Drop every image, then reproduce the data exactly as given.
-- Raw data follows --
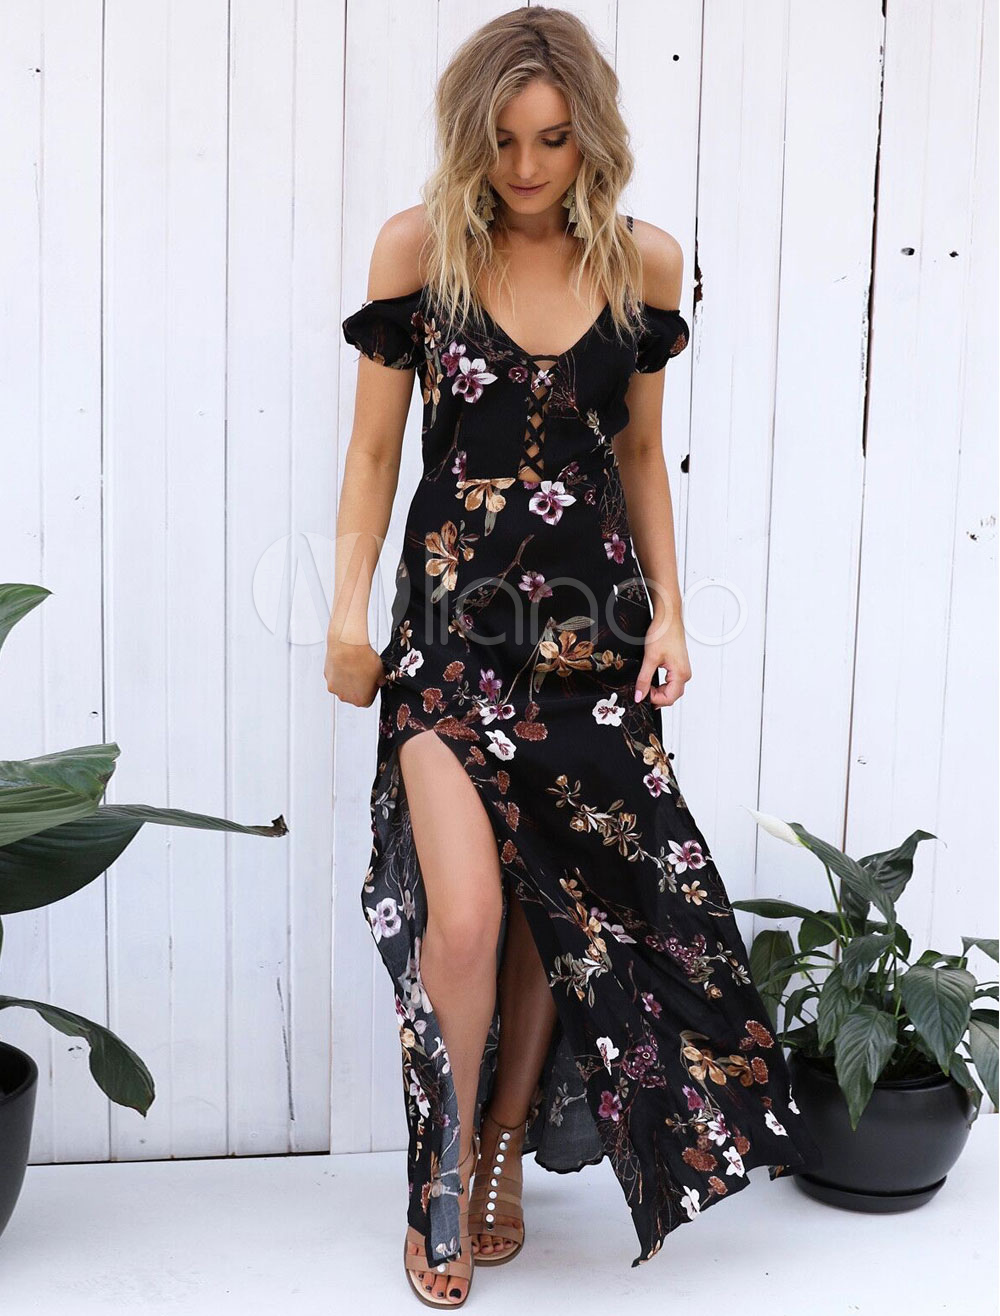 ed18d40bdf5 Bohemian Maxi Dress Women s Floral Print Split Lace Up Straps Summer ...
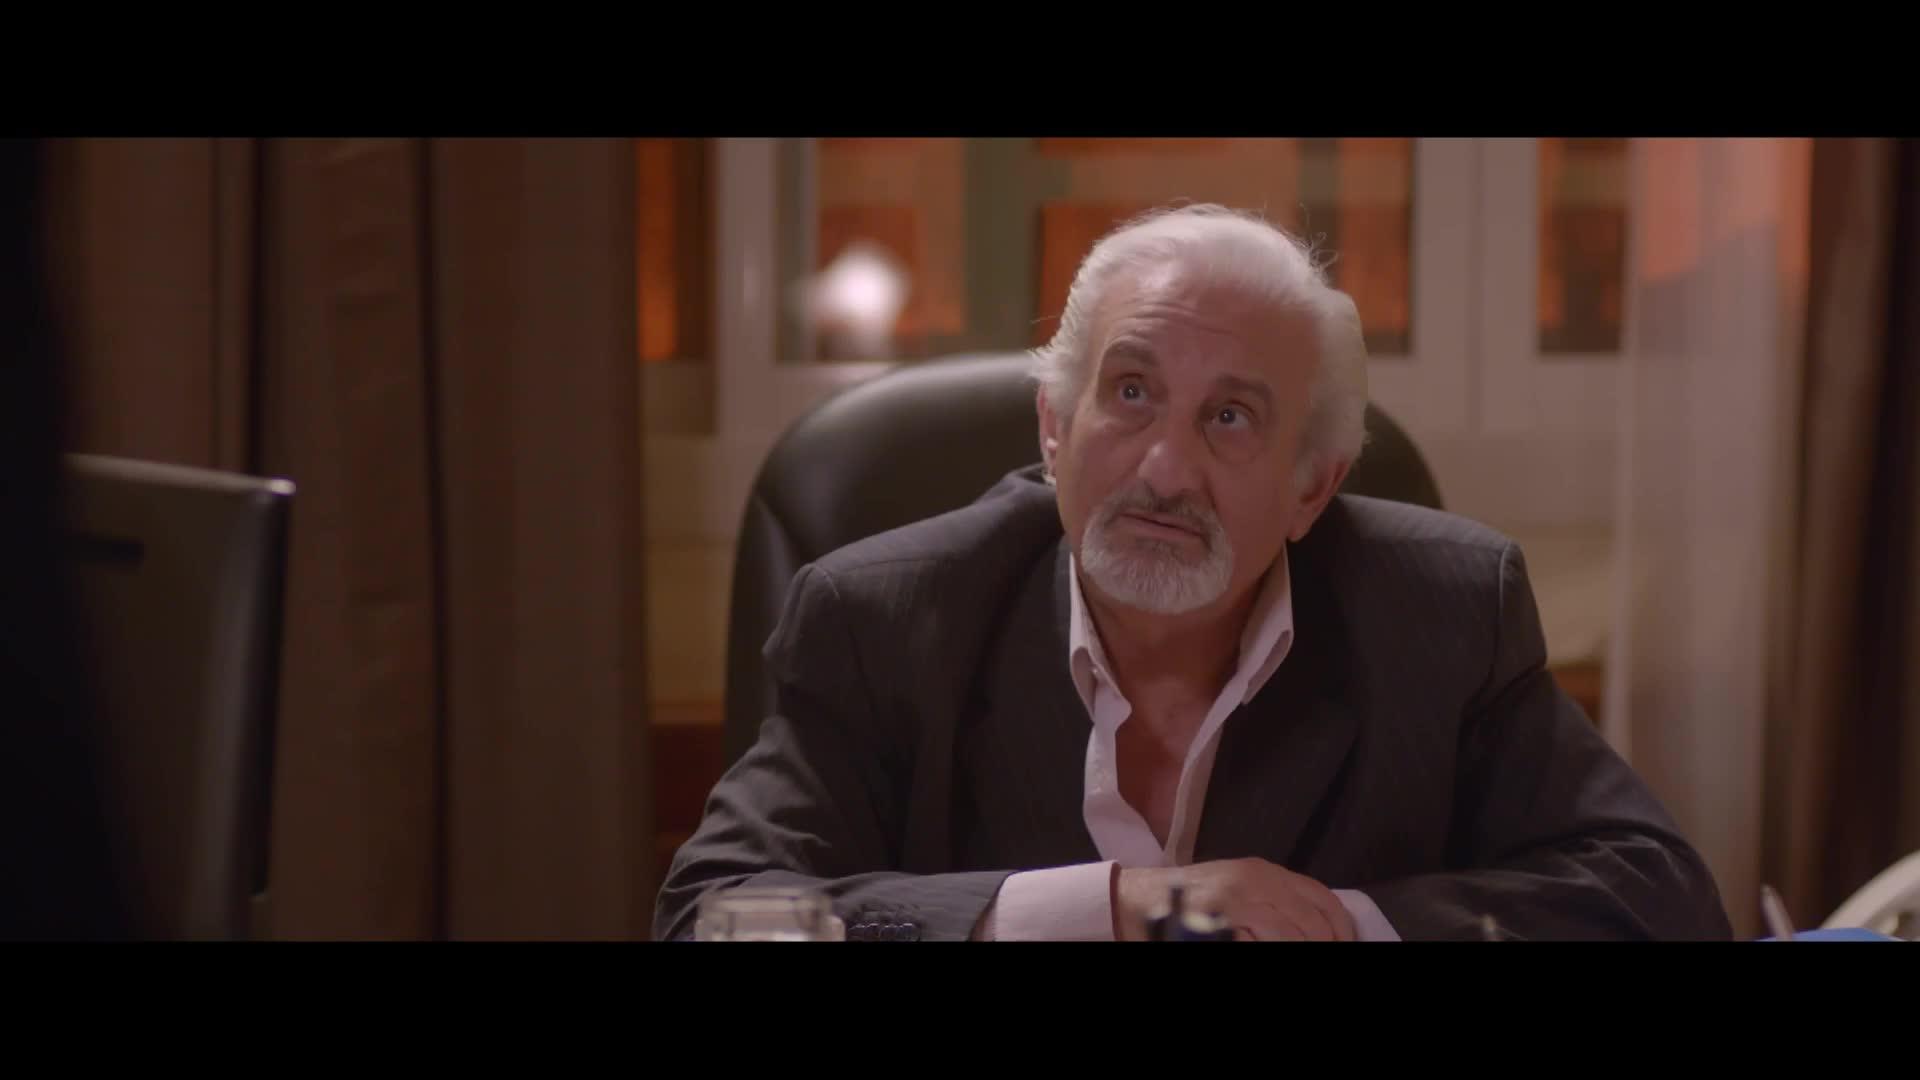 المسلسل المصري قوت القلوب (2020) الحلقات من ( 01 إلى 05 ) 1080p تحميل تورنت 6 arabp2p.com
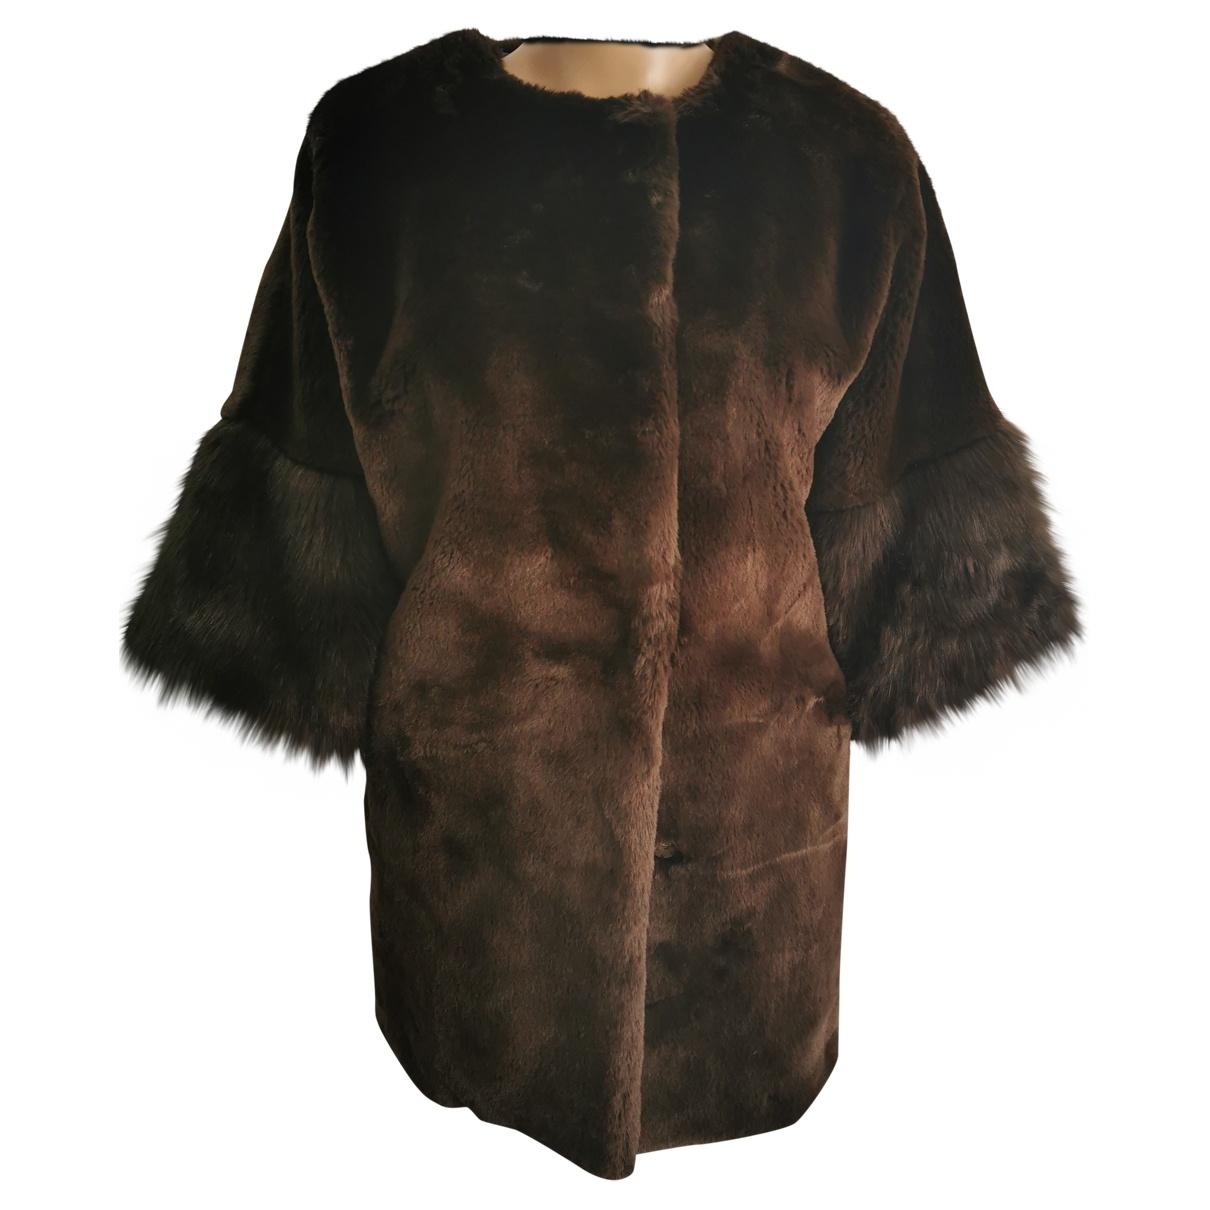 Blf - Manteau   pour femme en fourrure synthetique - marron
-- Raw data concluded --
Task result =>
 ed18d40bdf5 Bohemian Maxi Dress Women s Floral Print Split Lace Up Straps Summer ...
 المسلسل المصري قوت القلوب (2020) الحلقات من ( 01 إلى 05 ) 1080p تحميل تورنت 6 arabp2p.com
 Blf - Manteau   pour femme en fourrure synthetique - marron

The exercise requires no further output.